Rock spent quite a lot of time on the project, frequently travelling up and down to Liverpool. “Basil didn’t like us working on details; he wanted us doing design stuff, so I remember several of us at Canonbury . . . who had jobs which had moved back to Queen Anne Street, we’d be doing some of the working drawings because we wanted to show how it was, but Basil used to come round in the evening and put little notes on tracing paper on things, so we’d actually hide the drawings in the cabinet or underneath the drawing board, the working drawings we had been working on, and put a design drawing on it. I remember several times he would gently complain that we weren’t getting on very quickly with these design drawings! We hadn’t been working on them!”
Another project Rock worked on at the same time as Liverpool was the Agricultural Sciences Building in Nottingham. There were frequent gaps when you submitted drawings to clients and they would take six weeks or more to get back to you. The building was at the back of a collection of new buildings and had a fairly low budget. To clean up the area he did a long simple building. Spence had nothing to do with this building, leaving Andrew Renton in charge of it. Experience gained in the army helped improve Rock’s ability to lecture and to manage, so he went up with Andrew to personally present this scheme to the Vice Chancellor and Senate. Denis Speller was left to take the project over, so Rock only went on site a couple of times to comment on proceedings.
Around June and September 1956, Rock worked on the interior decoration of Spence’s home and the studio at Canonbury. Ken Morrice had been responsible for the building work, but Spence had asked Rock to do all the decoration. He decided on the colour and decoration for the whole building, including designing the yellow and white striped wallpaper in the entrance hall and staircase.
The Queen Anne Street office was desperately in need of more space. On the ground floor there was a room where four of them had worked when he left for the army, but had about 15 people in it by the time he came back two years later.

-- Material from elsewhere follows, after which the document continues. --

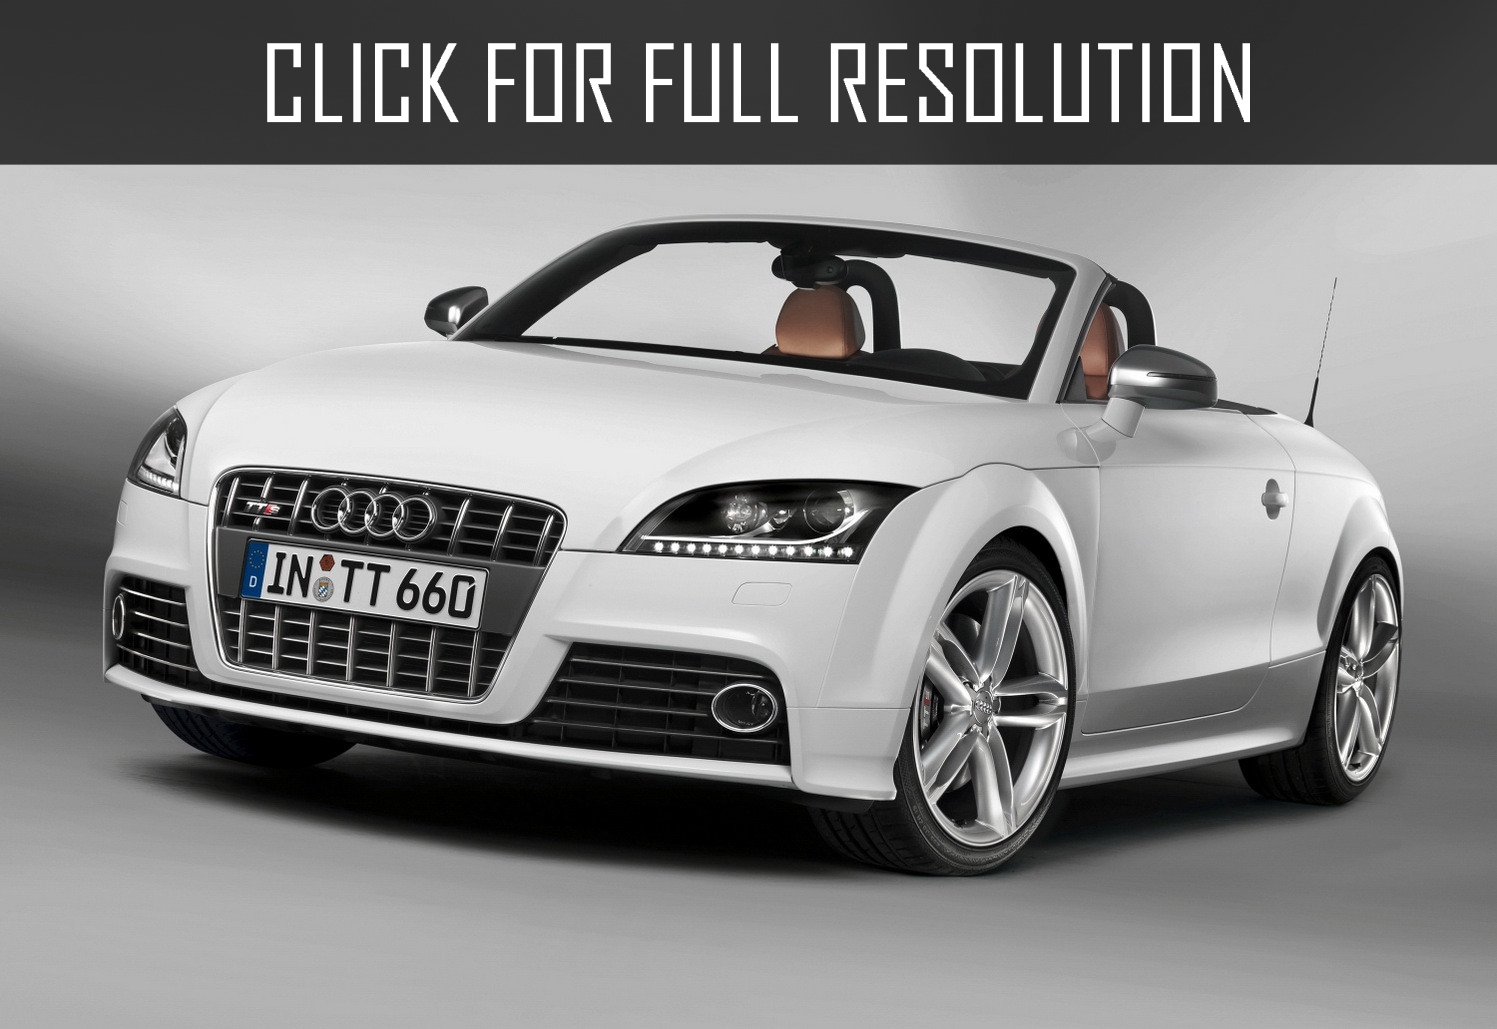 Audi TT 3.2

The room then had several rows of three drawing boards, no laying out space, and very little room to move around. On the ground floor there was a secretary’s office, the room where Rock worked, and a little corridor which went to Andrew Renton’s room in the small courtyard. If you were on the phone by the window in Rock’s room, Renton could hear everything you said, which he only discovered after Rock had “slagged him off” one day and was in Renton’s room when he discovered this. On the first floor there were two big rooms, front and back, and another little room. On the third floor and attic was Basil’s flat. The basement had a print room in it, but the room was also used for a space to have coffee and talk as a group.
Canonbury Place had a hall with a black and white marble floor, which led to a few flights of stairs. At the top of the first flight was Spence’s downstairs office. To the right of the hall there was a large room which was used as the studio in which six people worked. Further up the stairs was an office for Gill Spence and living room area. Above this were two more floors of accommodation. In the basement there was a print room and an office at front, which was the Duke of Northampton’s estate office, who owned the whole area. Basil had got the house for only a peppercorn rent in order to have a ‘name’ in the estate to attract people to the area as most of the houses were empty at that time.